» EXERCISE:
Apart from the images, repeat the data below exactly as written.

SUPPLIED INFORMATION below:

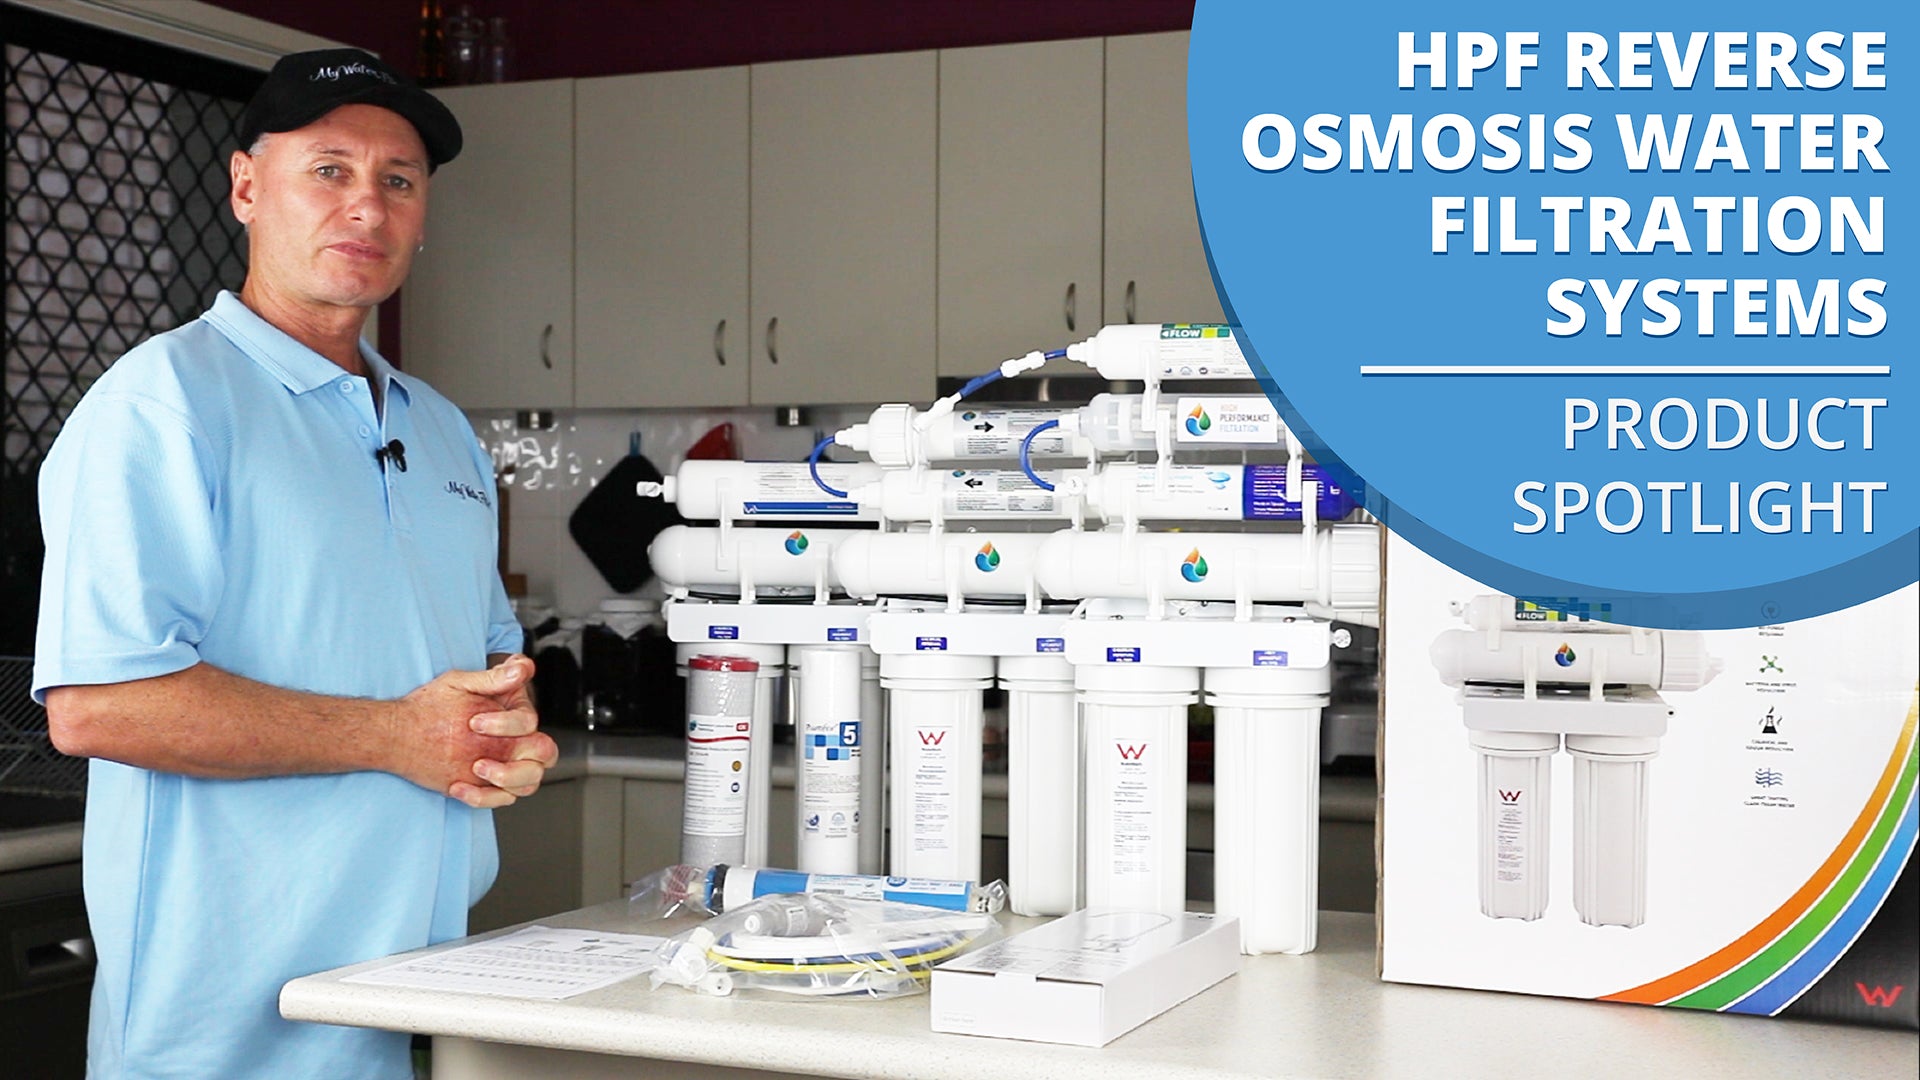 [VIDEO] HPF Reverse Osmosis Water Filtration Systems - Product Spotlight
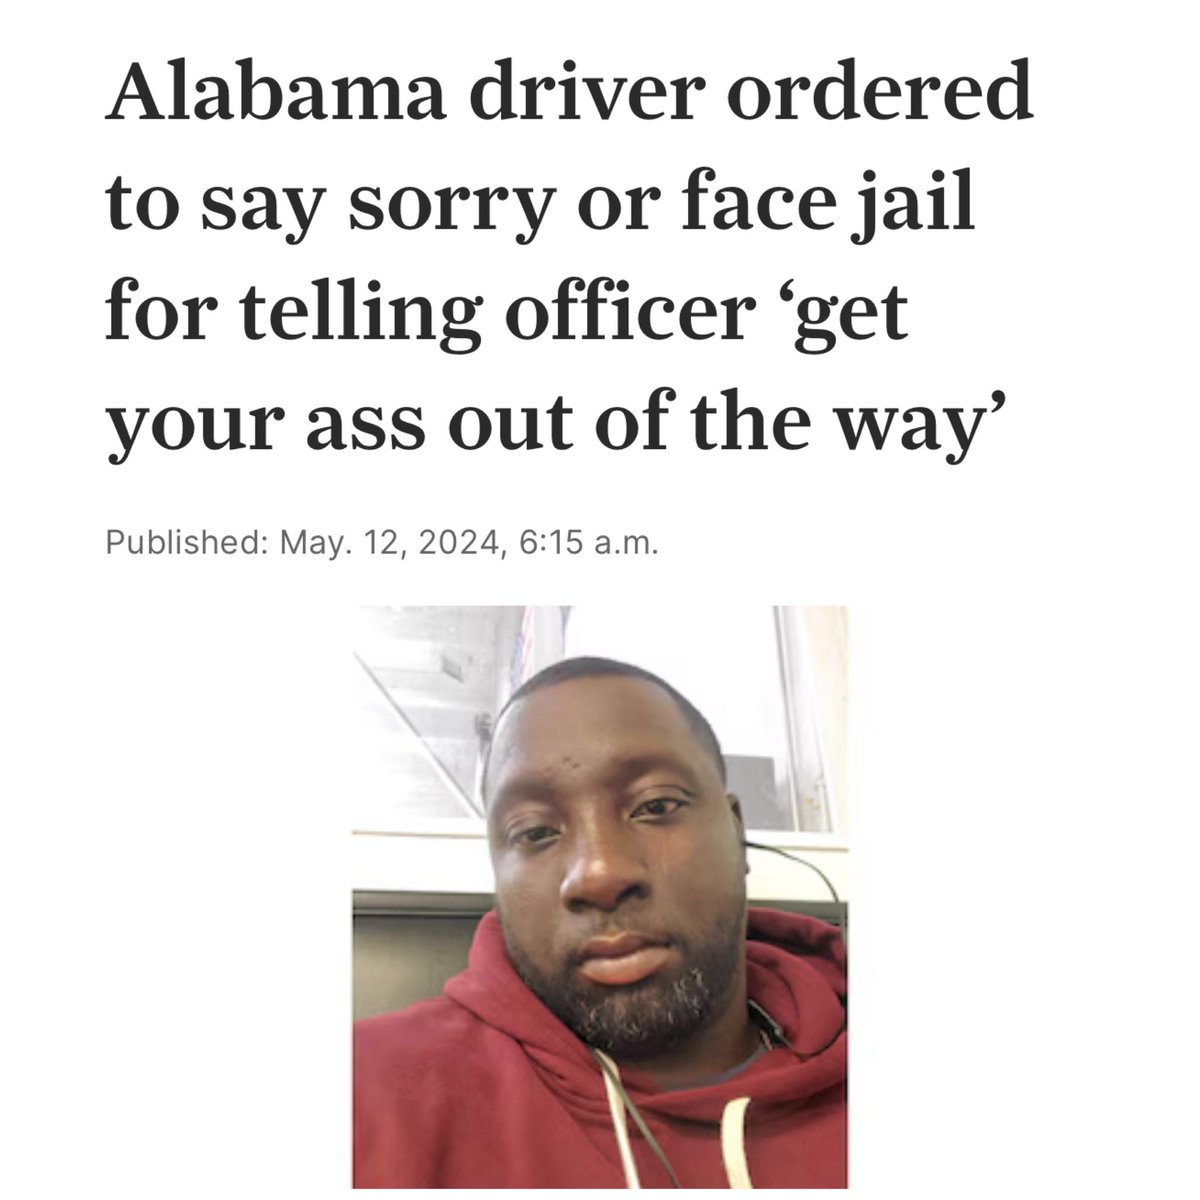 ‼️WHITE COP wants BLACK MAN to APOLOGIZE for CURSING at him and HURTING HIS FEELINGS 😂 Reginald Burks a BLACK Alabama driver who told a RAClST WHITE COP ‘get your ass out of the way’ (FREEDOM OF SPEECH) has been ORDERED to APOLOGIZE or go to JAIL for up to 30 days 🤦🏽‍♂️ RAClST
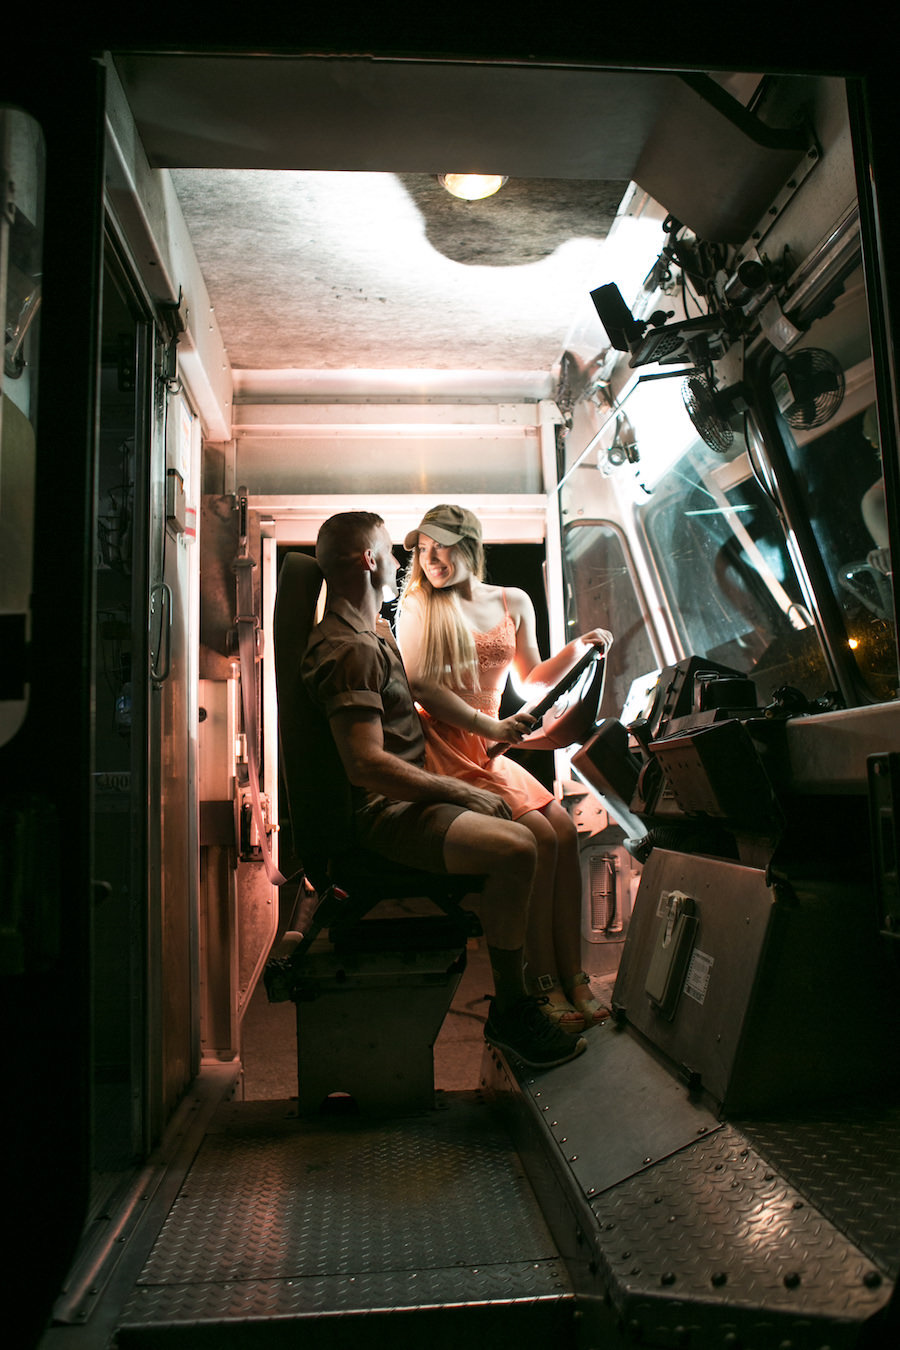 Fun and Playful Engagement Portrait Inside UPS Truck | Fiancé Works For UPS Engagement Shoot | Unique Engagement Session Ideas | Tampa Fl Wedding Photographer Carrie Wildes Photography

End of SUPPLIED INFORMATION.

» ANSWER TO THIS EXERCISE:
 [VIDEO] HPF Reverse Osmosis Water Filtration Systems - Product Spotlight
 ‼️WHITE COP wants BLACK MAN to APOLOGIZE for CURSING at him and HURTING HIS FEELINGS 😂 Reginald Burks a BLACK Alabama driver who told a RAClST WHITE COP ‘get your ass out of the way’ (FREEDOM OF SPEECH) has been ORDERED to APOLOGIZE or go to JAIL for up to 30 days 🤦🏽‍♂️ RAClST
 Fun and Playful Engagement Portrait Inside UPS Truck | Fiancé Works For UPS Engagement Shoot | Unique Engagement Session Ideas | Tampa Fl Wedding Photographer Carrie Wildes Photography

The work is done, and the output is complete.